Key patterns: - Tool name constants — ToolNames.LOGIN enables refactoring and cross-references - Explicit tool names — @Tool(customName = ...) ensures stable names even if function is renamed - Colocated registry — metadata lives with the tools via delegation - Direct tool composition — setup() calls another tool directly (type-safe, no MCP round-trip) - HasRegistry interface — enables central aggregation of all registries

Benefits: - Standard mechanism — uses Kotlin MCP SDK, same as external teams - Portable — tools work in-process or via stdio without code changes - Type-safe — tool name constants prevent typos and enable refactoring - No custom annotation system — less code to maintain - MCP SDK handles — tool discovery, schema generation, invocation

Tool Authoring by Language¶

Kotlin (Recommended for In-Process)¶

See the ToolSet pattern above. Key points: - Use Kotlin MCP SDK (@Tool, @LLMDescription, ToolSet) - Tool name constants for type safety - Colocated registry with HasRegistry interface - Direct function calls for internal tool composition

Python / TypeScript (External Teams)¶

External teams use: 1. stdio transport — Trailblaze spawns and manages the server 2. Official MCP SDK — Python (FastMCP) or TypeScript (@modelcontextprotocol/sdk) 3. Trailblaze Client SDK — our lightweight wrapper with generated RPC stubs 4. MCP resource — expose trailblaze://registry with tool metadata

Both Python and TypeScript MCP SDKs provide built-in access to request context, which our SDK uses to extract invocation metadata for multi-device support.

Example (Python):

# acme_tools.py
from mcp import Server, Context
from trailblaze import TrailblazeClient  # Light SDK wrapper

server = Server()

@server.tool("acme_driver_login")
async def login(email: str, password: str, ctx: Context) -> dict:
    """Log in to Acme Driver app."""
    # Context-aware client - supports multi-device automatically
    tb = TrailblazeClient.from_context(ctx)

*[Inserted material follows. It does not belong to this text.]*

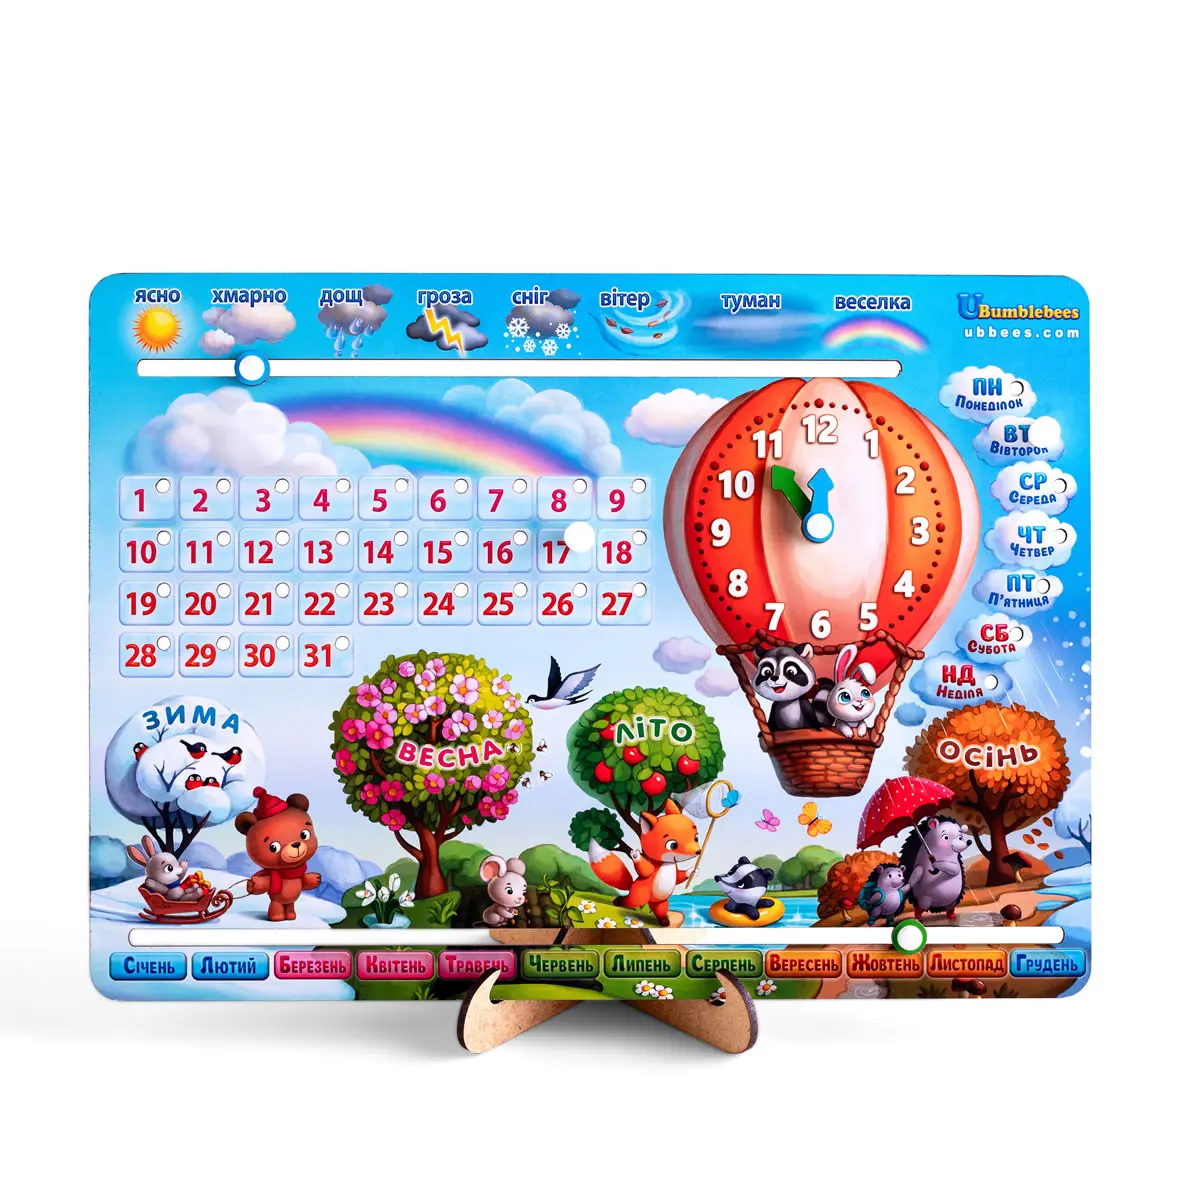 Детская деревянная развивающая игра  Игра "Календарь Воздушный шар" на украинском языке

    await tb.clear_app_data("com.acme.driver")
    await tb.launch_app("com.acme.driver")
    await tb.tap(text="Sign in")
    await tb.input_text(email)
    await tb.input_text(password)
    return {"success": True}

@server.resource("trailblaze://registry")
async def get_registry():
    return {
        "tools": {
            "acme_driver_login": {
                "platforms": ["android", "ios"],
                "groups": ["auth"],
                "exposedToLlm": True,
                "isRecordable": True,
            }
        }
    }

if __name__ == "__main__":
    server.run()

Example (TypeScript):

// acme_tools.ts
import { Server, Context } from '@modelcontextprotocol/sdk';
import { TrailblazeClient } from '@trailblaze/client';

const server = new Server();

server.tool('acme_driver_login', async (args: { email: string, password: string }, ctx: Context) => {
    // Context-aware client - supports multi-device automatically
    const tb = TrailblazeClient.fromContext(ctx);

    await tb.clearAppData('com.acme.driver');
    await tb.launchApp('com.acme.driver');
    await tb.tap({ text: 'Sign in' });
    await tb.inputText(args.email);
    await tb.inputText(args.password);
    return { success: true };
});

server.resource('trailblaze://registry', async () => ({
    tools: {
        acme_driver_login: {
            platforms: ['android', 'ios'],
            groups: ['auth'],
            exposedToLlm: true,
            isRecordable: true,
        }
    }
}));

server.run();

Key pattern: Use TrailblazeClient.from_context(ctx) (Python) or TrailblazeClient.fromContext(ctx) (TypeScript) instead of a global client instance. This extracts the invocation ID from _meta and automatically includes it in all RPC calls, enabling multi-device support with zero additional effort.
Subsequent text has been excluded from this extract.